There are a lot of matrix multiplication algorithms out there with a lot of plus...

emacs28 · on March 15, 2024

For everyone discussing the reduced accuracy/numerical stability of the algorithms in floating-point, this is true. But note that the application of the algorithms in the work is explored for fixed-point MM/quantized integer NN inference, not floating-point MM/inference. Hence, there is no reduction in accuracy for that application of it compared to using conventional fixed-point MM.

pclmulqdq · on March 15, 2024

"Conventional fixed-point MM" is a large suite of algorithms. It is correct that this is a 2x reduction in MULs compared to naive fixed-point matrix multiply, but there is a large body of literature out there with other circuits. This is a cool trick to add to the group.

p1esk · on March 15, 2024

Inference world is gradually switching from INT formats to FP formats. FP8 is already supported in modern hardware, and FP4 support is coming. In my experiments I get better perplexity in language models with FP4 than with INT4.

SJC_Hacker · on March 18, 2024

How is FP fundamentally different than integers? I've done FPGA programming and it just seems like the programmer has to decide where/when to do the shifting based on the expected range of the data. I'm not sure how this is "natively supported" in hardware.

p1esk · on March 18, 2024

If you have designed FPUs you should know that FP computation involves a lot more additional operations than just shifting (e.g. rounding, subnormals, and special value handling). That’s why, for example, CPUs use different hardware blocks for INT vs FP computation.

But that’s not the point. The point is, this particular method to speed up matmul is not suitable for FP.

abetusk · on March 15, 2024

I'm no expert but I suspect this is wrong. To me, this is like saying you don't need to worry about integer overflow because your operations are only working on fixed integers. Really? You don't care if you multiply or add two large numbers and they spill over?

The more appropriate answer, I suspect, is that the numerical precision and stability sacrifices are more than adequate for normal usage.

If I'm wrong about this, I would certainly like to know.

pclmulqdq · on March 15, 2024

In hardware, you control your integer widths completely, so if you add two 32-bit ints to a 33-bit int, there is no chance of overflow. The same goes for multiplications, etc.

SJC_Hacker · on March 18, 2024

Yeah with shifts you can guarantee no overflow, but you have to decide under what circumstances is avoiding overflow/clipping worth the loss of precision.

Fixed point typically requires alot more programming, but sometimes its worth it if you know what the data ranges are.

abetusk · on March 15, 2024

I don't know why this answer is getting downvoted. This is absolutely correct.

W. Miller has a paper discussing, under conditions of numerical stability, O(n^3) multiplications is necessary [0]. Any algorithm that gets sub cubic runtime for matrix multiplication, like Strassen's or Coppersmith's, must sacrifice some amount of precision or stability.

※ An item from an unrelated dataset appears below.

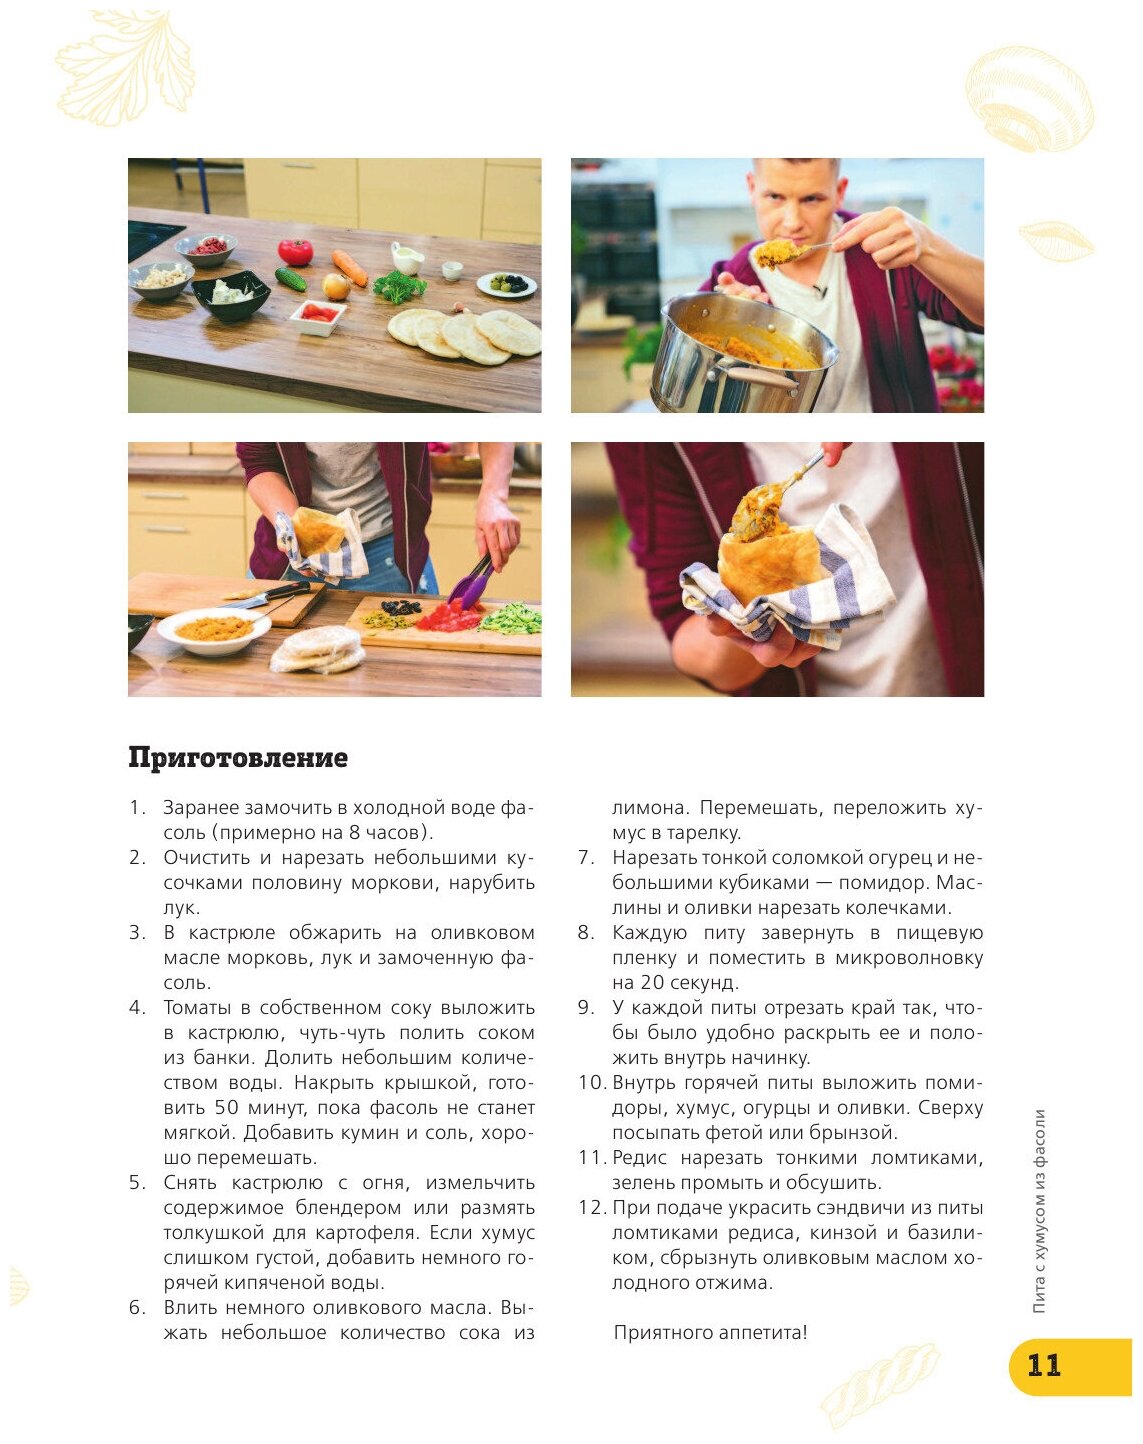 ПроСТО кухня с Александром Бельковичем - фото №7

[0] https://epubs.siam.org/doi/10.1137/0204009

gyrovagueGeist · on March 15, 2024

Another relevant paper is: https://epubs.siam.org/doi/10.1137/15M1032168

waynecochran · on March 15, 2024

The document said it outputs the exact same values as the conventional method. There is no accuracy trade off here.

pclmulqdq · on March 15, 2024

The paper cited is about hardware, where there is no accuracy tradeoff because you control the numerical precision completely and use fixed point. In a software implementation, neither is true. There is no chance that you will get the exact same values out of this method that you do out of other FP matmuls.

p1esk · on March 15, 2024

For floating point? Are you sure?

waynecochran · on March 15, 2024

Opening statement of README

    This repository contains the source code for ML hardware architectures that 
    require nearly half the number of multiplier units to achieve the same 
    performance, by executing alternative inner-product algorithms that trade 
    nearly half the multiplications for cheap low-bitwidth additions, while still 
    producing identical output as the conventional inner product.

p1esk · on March 15, 2024

I just looked at the paper: the answer is no, floating point is not supported.